I remember that exactly. No, you have to leave it in the interview, because the people who are gracious and kind and socially apt, they look at me like: ‘God, Rothfuss looks tired’ and they  say: “you know, I’m not going to bug him, I’ll email, I’m not going to do whatever.” That’s exactly what I did. I went to see Patrick Stewart in Waiting for Godot and afterwards the person I was with said: “Do you want to go wait by the stage door?” and I’m like "He’s had a busy life and I can’t do much for him, and I’ll give him that eight seconds that he would otherwise spend signing  a program for me."

But the thing is, when I’m at a Con, I’m specifically there to be available for people and a lot of times people will come up to me and say “I’m so sorry to ask...” and it is really okay. The problem is the people who aren’t socially aware, or aren’t graceful, they’re the ones that will genuinely claw at you, and they never tell themselves “no”.  It’s this perennial problem that  I’m still trying to figure out a way to fix it.


*Have you thought of having three big bouncers, gargantuan bodyguards? They could be trained to let the gracious ones in, and stand in the way of those who can’t say “no” to themselves.*

Yeah, a sort of walking velvet rope that follows me around everywhere I go? I’ve been trying to fix that problem. I can do a book signing, and sign 500 books, and then I wouldn’t mind hanging out with one or two interesting, well-spoken people for some conversation and food after the signing. But I can’t take everyone, and sometimes people will say: “Hey, hang out with us.”

It used to be easy when a hundred people showed up to a signing and somebody’d say “Do you want to grab a drink?” and I would, because the stakes were lower. If it were a little awkward I’d beg off after twenty minutes or so.

A lot of my readers are wonderful, lovely people and of course, why wouldn’t you want to spend time with lovely people? But sifting them out from people who just want to claw at you, that’s how it can seem sometimes, that they want to tear a piece off you and eat it.


*So, Worldbuilders – up and running, doing its phenomenal roll out again, with so many people contributing, and we thank the internet for that.
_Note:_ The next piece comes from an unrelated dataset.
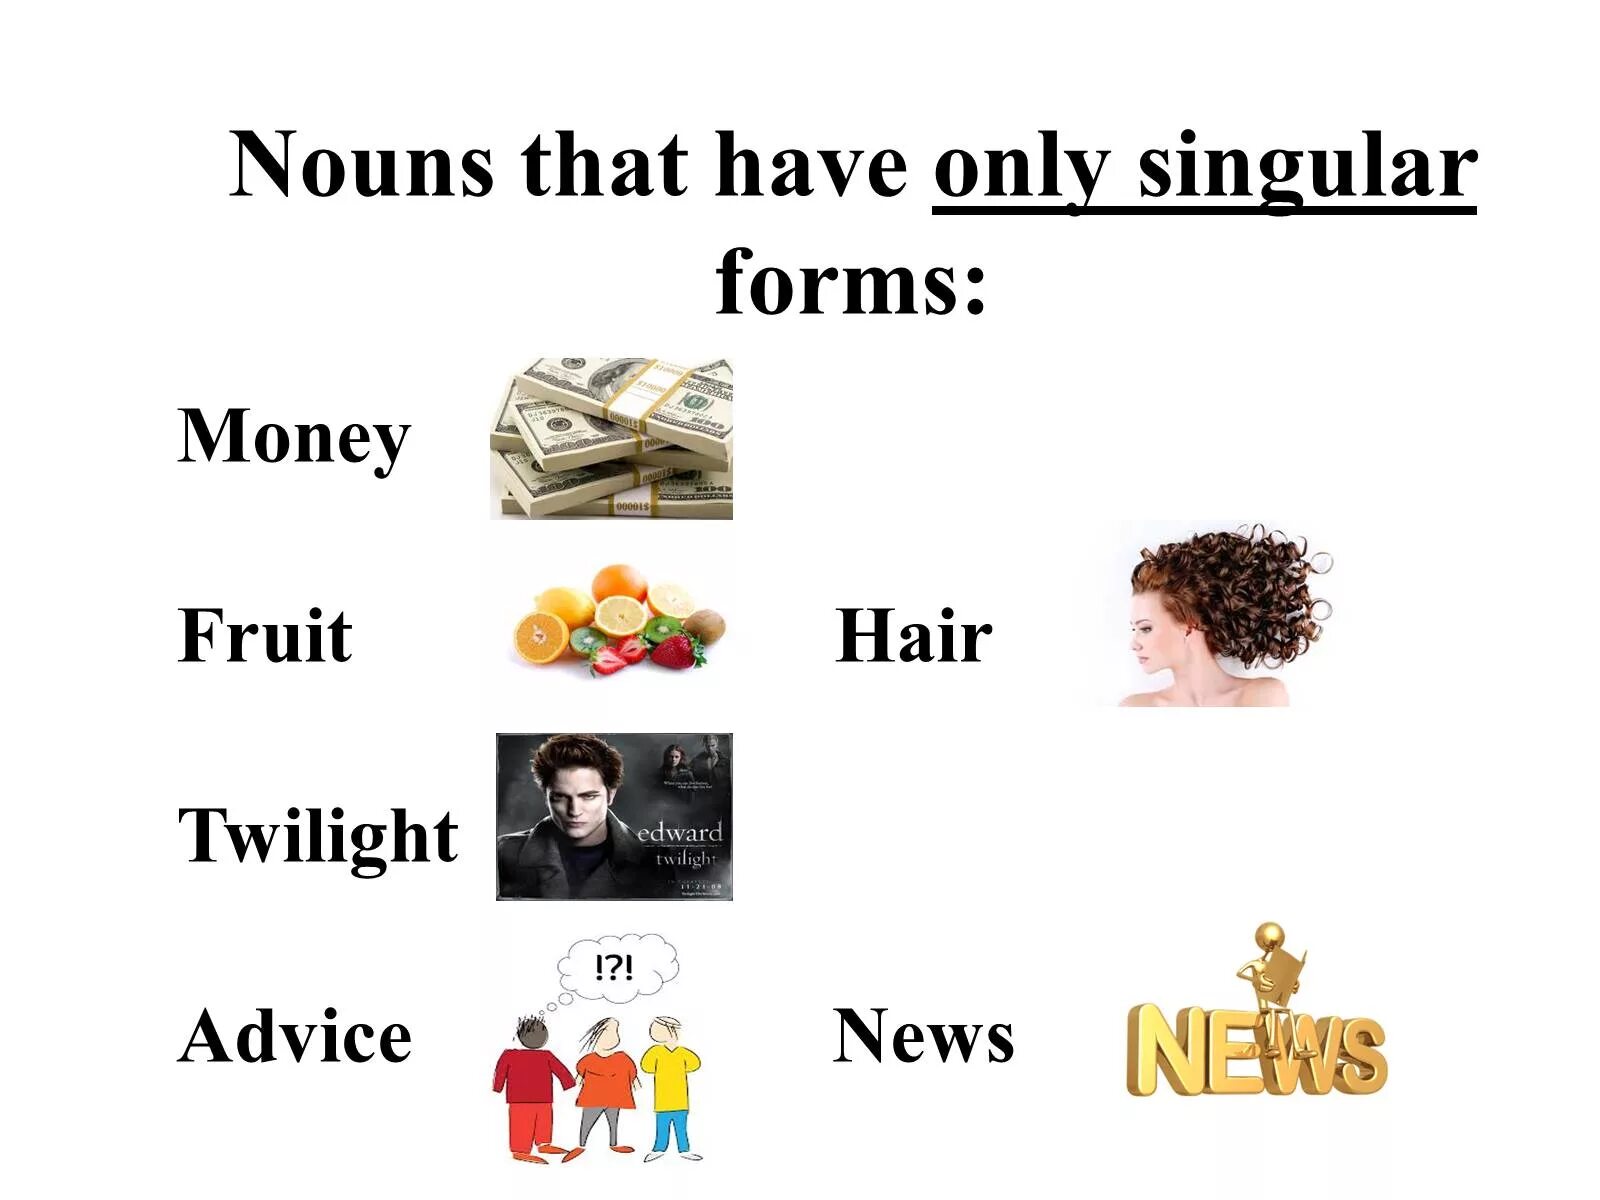 Forms of money. Nouns only in singular. Only singular Nouns. Always singular Nouns. Always singular and plural Nouns.

Last year, kissing Llamas... what can we expect for the late stretch goals this year?   *

The only reason that ended up last year was because I let people vote on it! It wasn’t really meant to be the cherry on top. We’ve got a bunch of lovely things happening – we’ve got authors singing and dancing, goofing off and playing video games.

Neil Gaiman is going to sing for us, I’m going to read a book to my little boy, some authors are coming together to read ‘Fox and Socks’. Well, reading as well as they are able to, and then screwing it up. Just generally people coming, having fun, goofing off and hoping to draw some attention to the fundraiser.

We have a whole host of them posted up currently, and others every day as more authors, celebrities, musicians approach us. Actually, I let this one out of the bag: due to a late night twitter conversation Will Wheaton and I and a few others are going to act out the TV show Drunk History – someone gets really drunk and then tries to describe a historical event and they shoot a video based on this person’s mashed-up recollection of how history works.

We’re going to play drunk Dungeons and Dragons, it’s going to be a beautiful train wreck, I’m so excited for that because Will is lovely and also the people we’re going to bring in – it’s going to be fabulous, just fabulous.


*It sounds it! Did you ever think, in your wildest dreams, that Worldbuilders was going to be this phenomenally successful?*

I didn’t think I was starting a charity when I initially did it. I was just goofing around on my blog, I had no idea people would show up in these numbers to support a charity. But once I started it, I couldn’t just walk away, because you’d feel awful. But no, it’s lovely even though this is the most terrifying part of my life because it’s so busy.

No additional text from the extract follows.